Since all bands were at 0, I expected no change when pressing "defeat". To my surprise there was a very noticeable change in output. It's as if the gain was upped for more output.(my gains are at minimum).


Well, all this to ask what you guys know about what the "defeat" setting does or is supposed to do? You guys ever mess with it? I consider myself a habitual tweaker, but never thought about changing it. Search, doesn't come up with anything.


Thanks


----------



## Billk1002 (Aug 23, 2009)

The manual states that when defeat is turned on the bass and treble return to the factory settings, what ever that means?????
The more that I tune my stereo the less of a difference defeat makes.


----------



## DanMan (Jul 18, 2008)

I guess it makes as much sense to you as it does me. Do you typically tune with defeat on? I need to spend some seat time tuning with it on.
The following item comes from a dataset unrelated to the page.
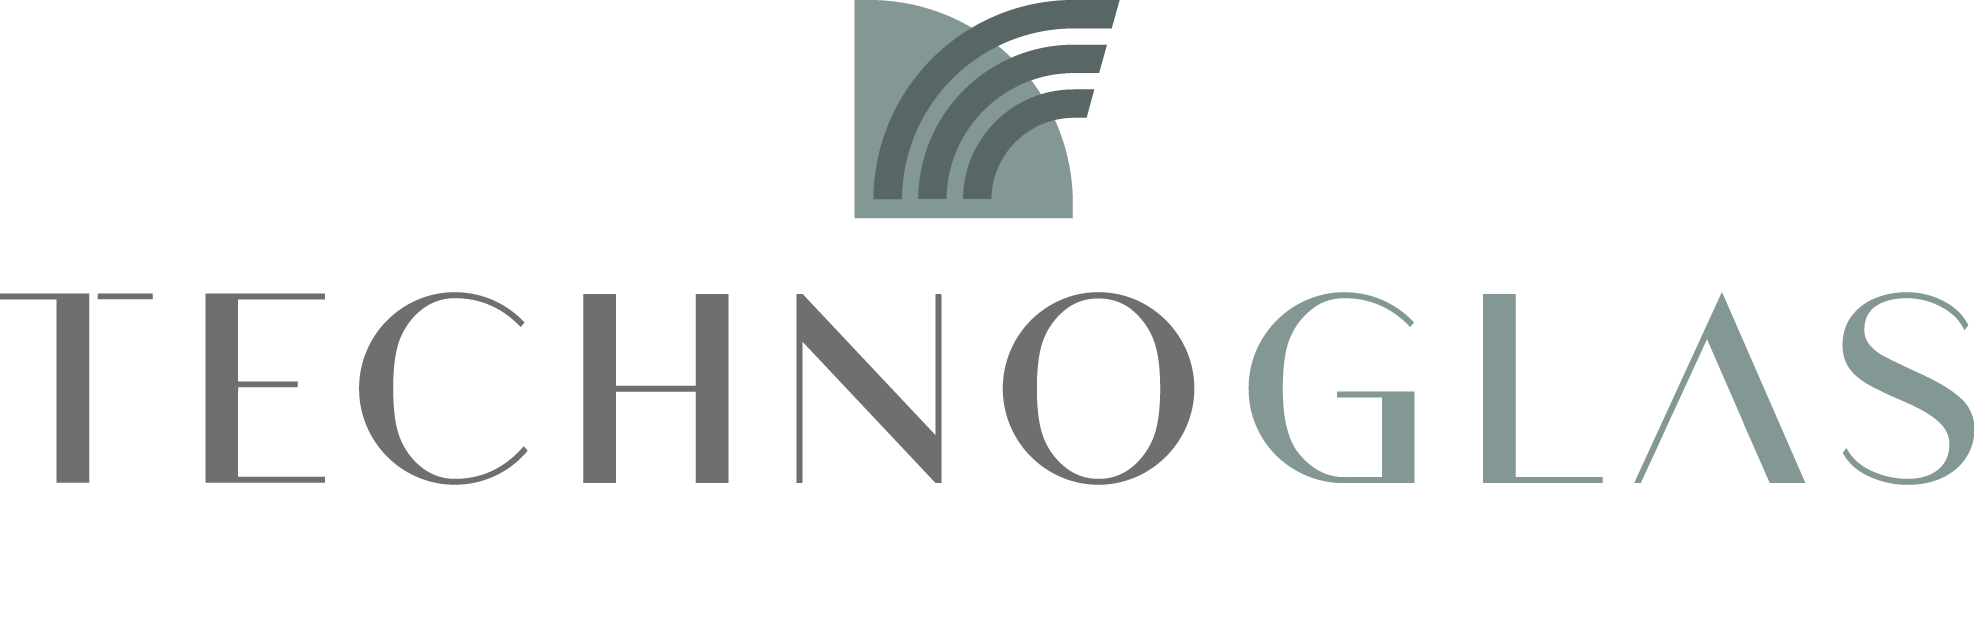 logo technoglas
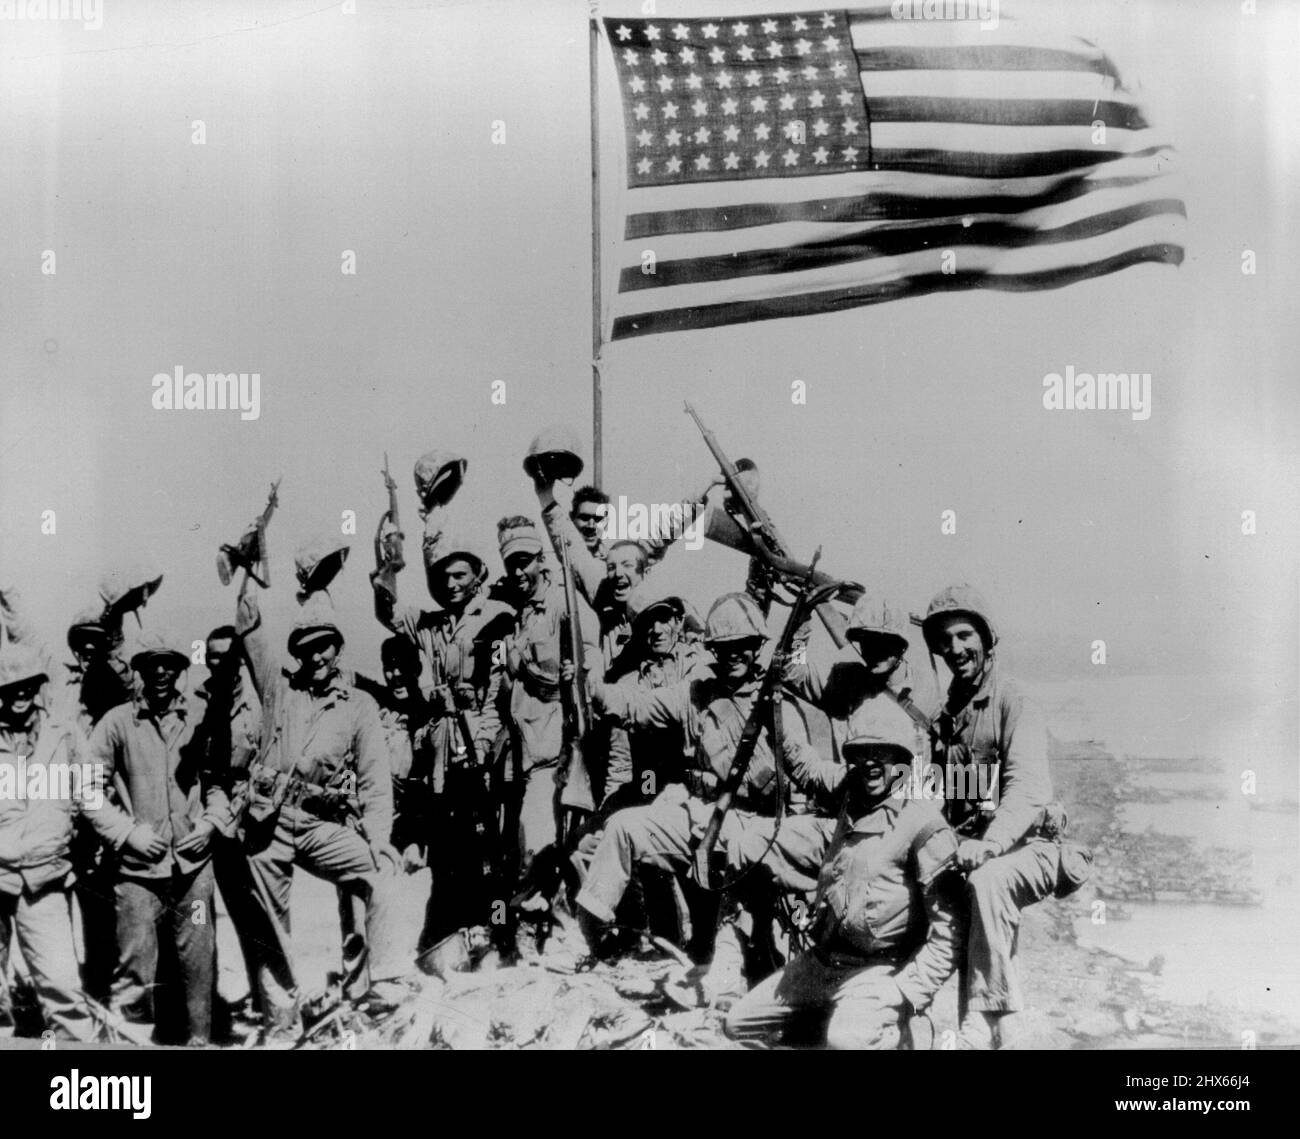 Sie setzten die US-Flagge auf Suribachi - Marines des 28. Regiments, 5. Division, winken von der amerikanischen Flagge, die sie auf Suribachi, dem Vulkan von Iwo Jima, setzten, nach einem erbitterten, bergauf ansteigenden Kampf mit den Japanern in Höhlen und Pillboxen auf Iwo Jima's Naturfestung. 27. Februar 1945. (Foto von Joe Rosenthal, AP). Stockfoto

I hope someone chimes in with some input about what "defeat" actually does.


----------



## Nitin (May 28, 2008)

not 100% sure how it works in the 9887 but generally "defeat" and "source direct" bypasses any circuits that are responsible for tonal adjustments - so basically the theory would be that you are shortening the signal path hence it has less opportunity to degrade by going through circuits that may not necessarily be allowing the signal to just pass through unadjusted - kind of like an electronic short cut 

it could be a placebo as well but on every device where ive used a "defeat" or "direct" button i have always heard a different sound resulting from this action - not always better but definitely different

BTW it also invariably sounds better for me with the defeat activated since if i turn the defeat function off ie activate the EQ, i get system hiss so just for that alone id prefer not to use the headunits built in EQ and i try to tune as much as i can only with level settings and crossover adjustments and a bit of T/A


----------



## DanMan (Jul 18, 2008)

Nitin-Thanks for the reply. I agree,initially I thought things sounded different but not necessarily better. I am starting to feel it is an improvement in things overall.


----------